Chapter 6 - Sales Conversion

  • Sales conversion is all about creating enough trust and demonstrating enough value to motivate interested leads to become paying customers.
  • Signals which scream to potential prospects that you are small or potentially untrustworthy:
    • No phone number is listed.
    • A PO Box address or no address listed instead of a proper physical business address.
    • Lack of privacy policy and/or terms of use.
    • Poor or cheap-looking design website.
  • A free trial (try before you buy) is also very important.

ACT III - The “After” Phase

  • In the “after” phase you’re dealing with customers.
  • Customers are people that like you and what you have to offer enough to have paid you money at least once.
  • In this phase, you’ll turn your customers into raving fans by delivering a world-class experience.
  • The goal of this final phase is to get your customers to trust you and buy more from you.

Chapter 7 - Delivering A World Class Experience

  • Don’t stay a boring commodity that forces you to compete solely on price.
  • Tell your audience about all the effort that goes into delivering your product or service.
  • No one cares about your logo, company name, or some dubious claim about being the leader in your industry. They want to know what your product will do for them, and your backstory is essential to this.
  • Implement systems in your business. They build a valuable asset, have leverage and scalability, consistency, and lower labor costs.
  • You should think about your exit strategy. Who will buy your business and why?
  • If your business can’t be operated without you, then it’s not a saleable asset and you’re stuck.
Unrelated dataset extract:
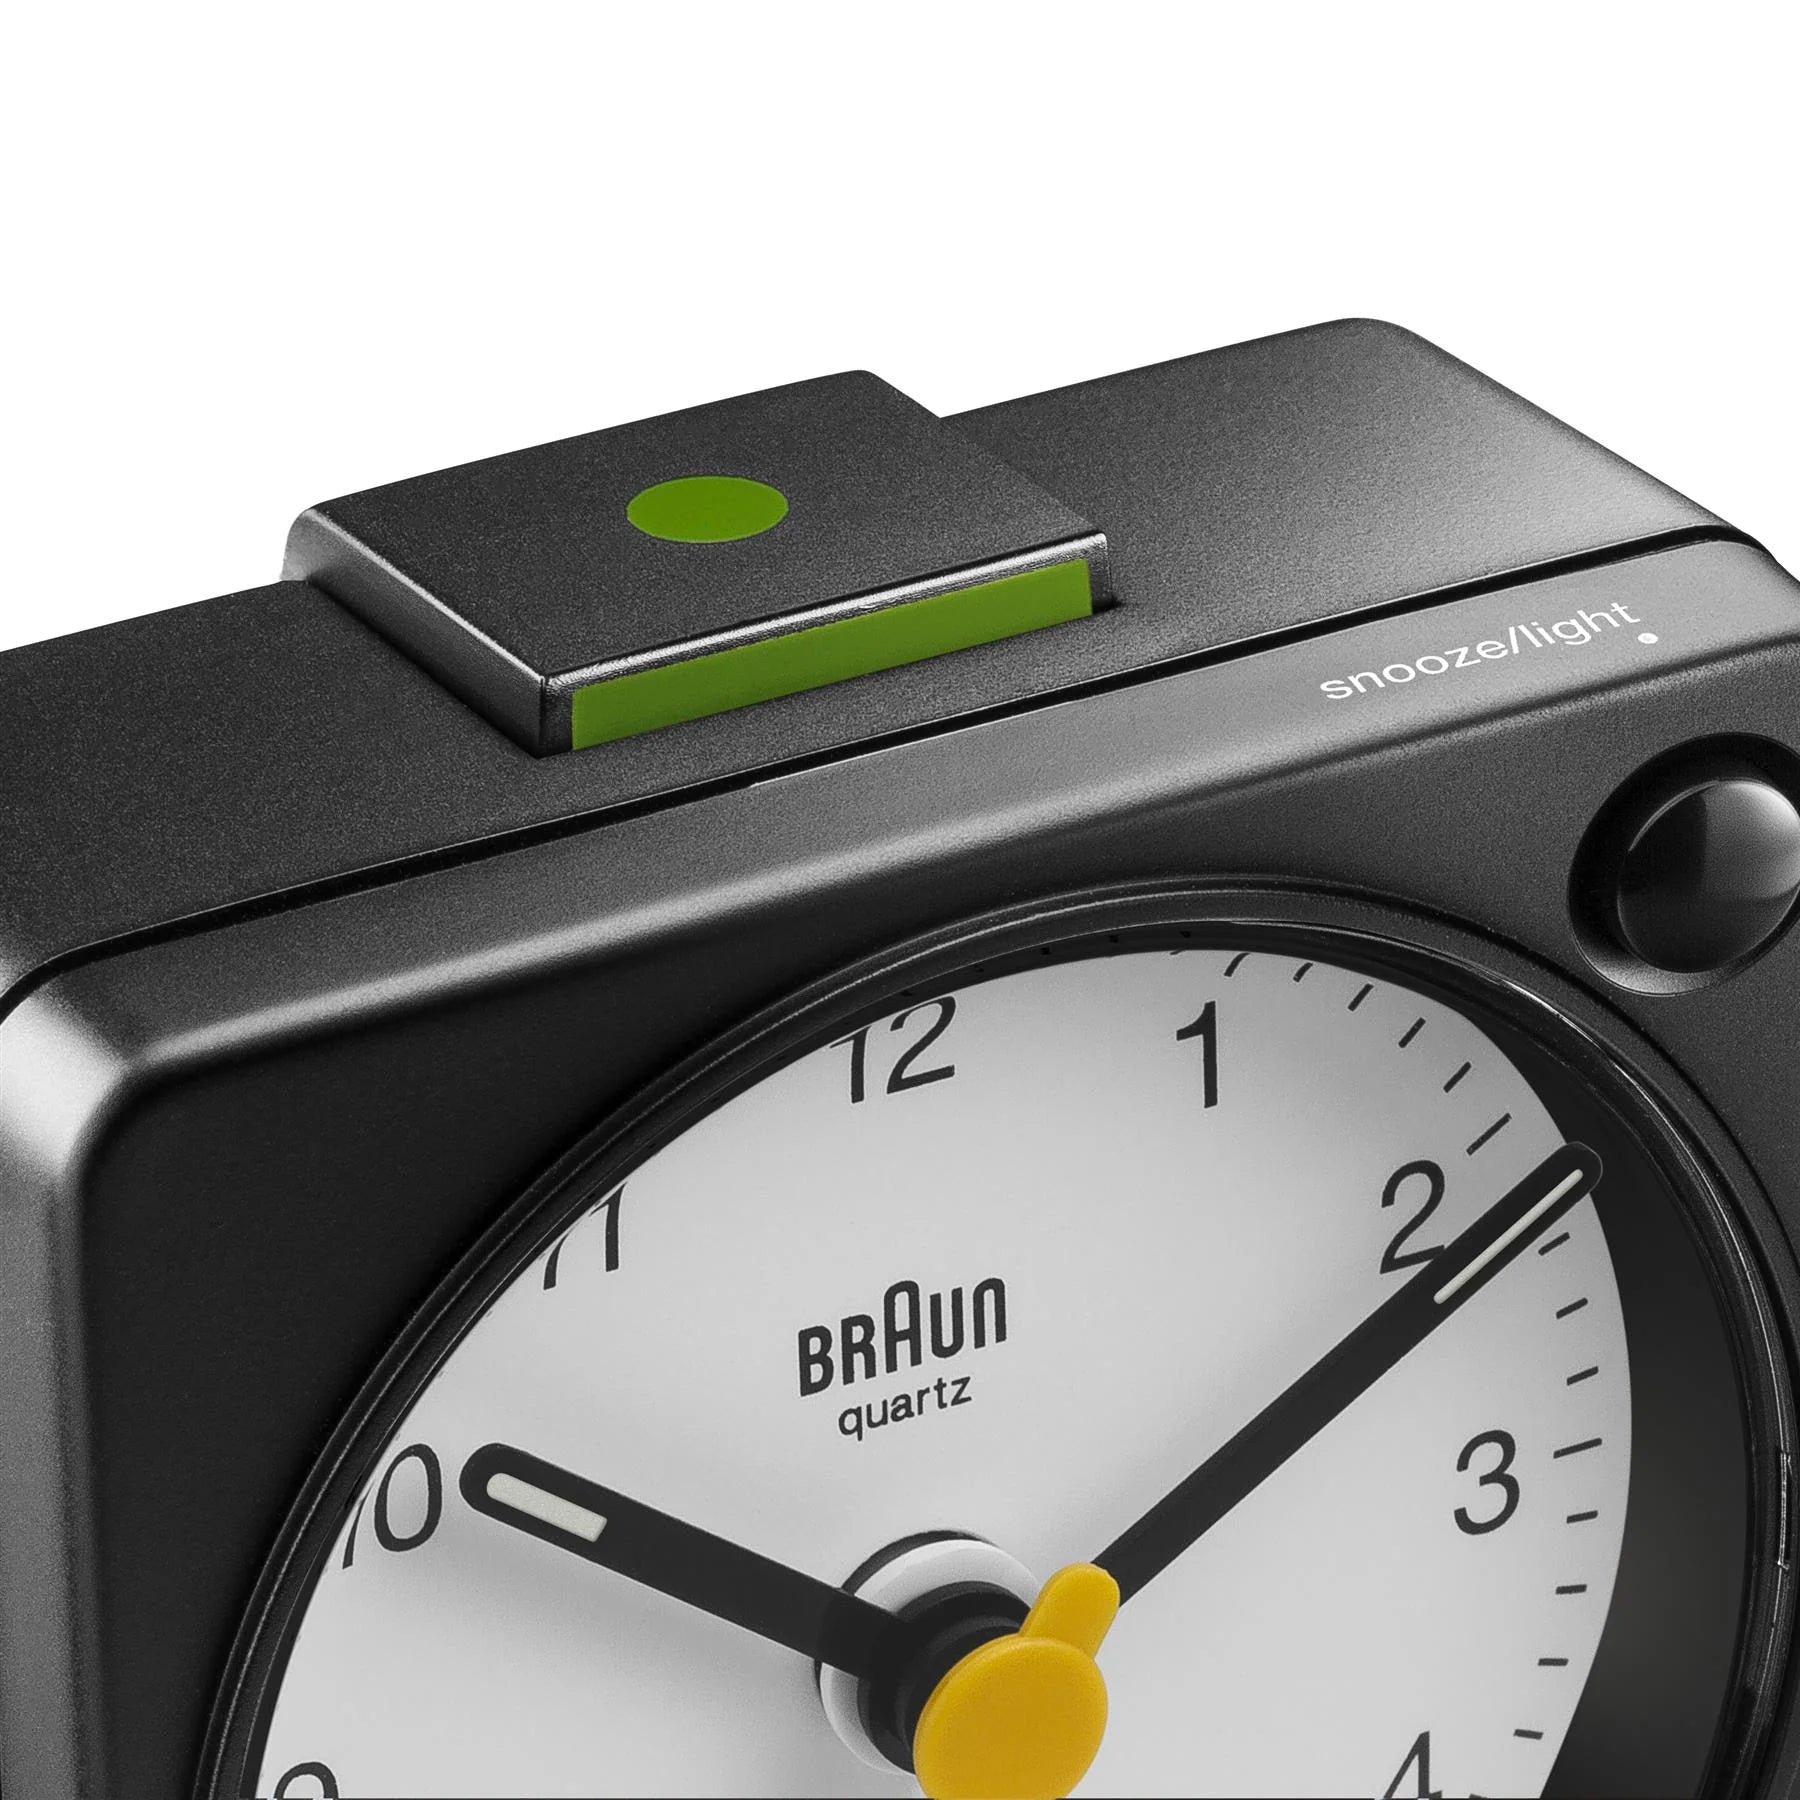 BC02XBW Braun Classic Analogue Travel Alarm Clock - Black & White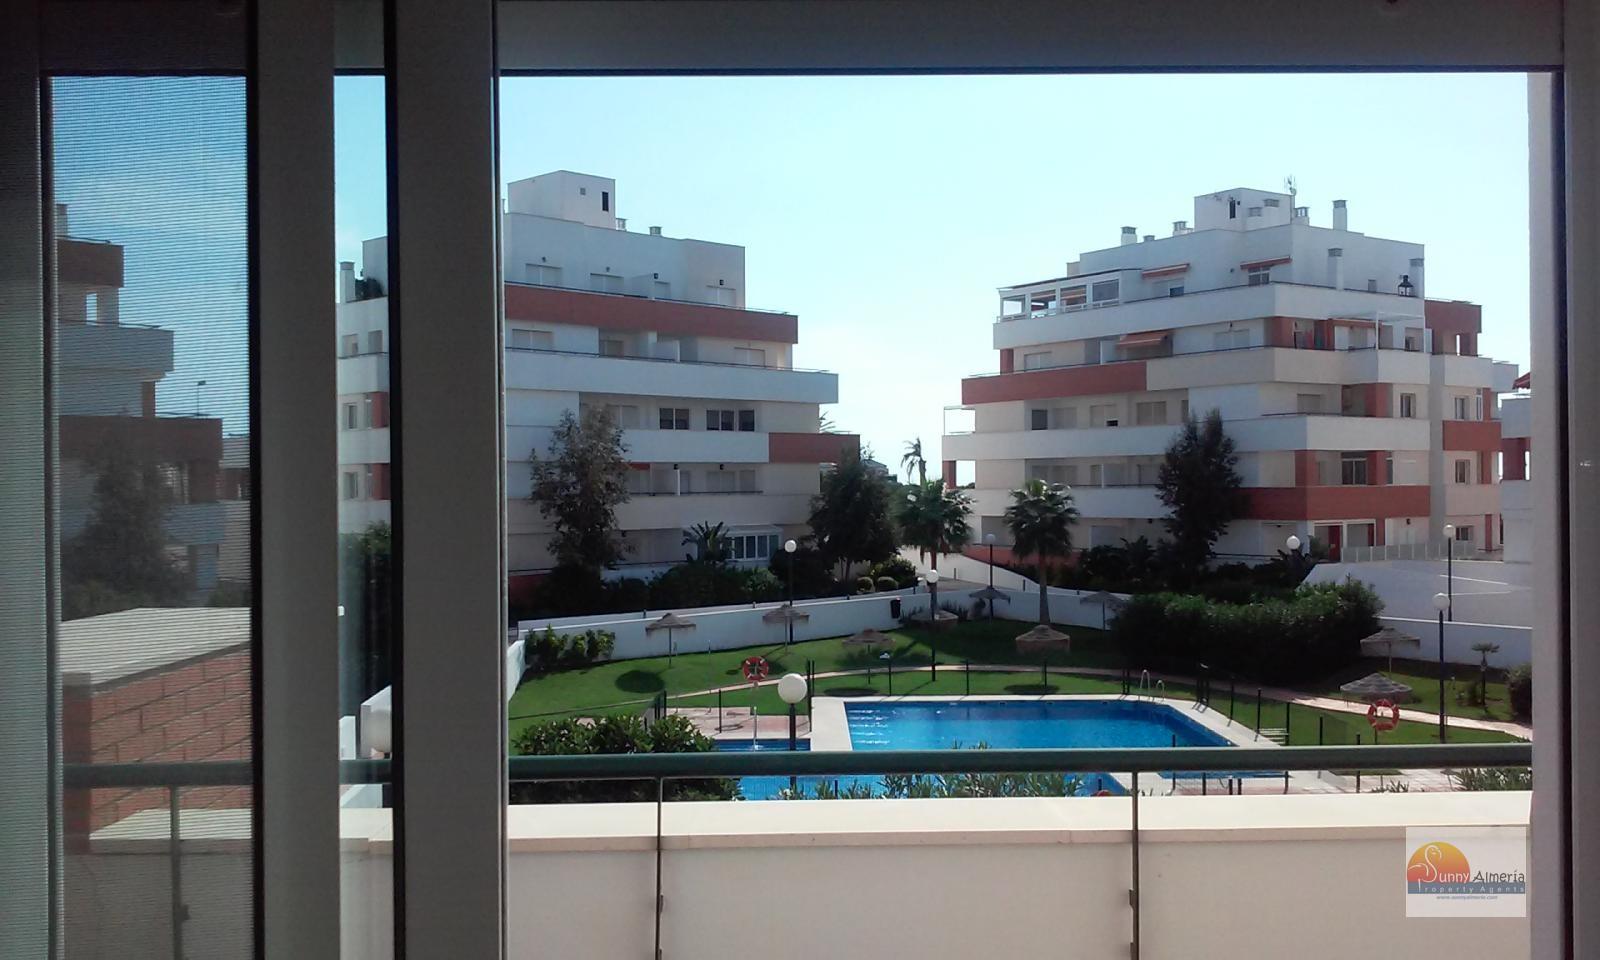 Luxury Apartment for rent in Carretera Ciudad de Cadiz 1A (Roquetas de Mar), 950 €/month

Chapter 8 - Increasing Customer Lifetime Value

  • One of the most overlooked ways of increasing the lifetime value of a customer is simply by raising prices.
  • Upsell: “Most customers who bought X also bought Y.”
  • Ascension. Move existing customers to your higher priced, and hopefully higher margin, products and services.
  • Increasing the frequency with which your customers buy from you is another solid strategy for increasing lifetime value.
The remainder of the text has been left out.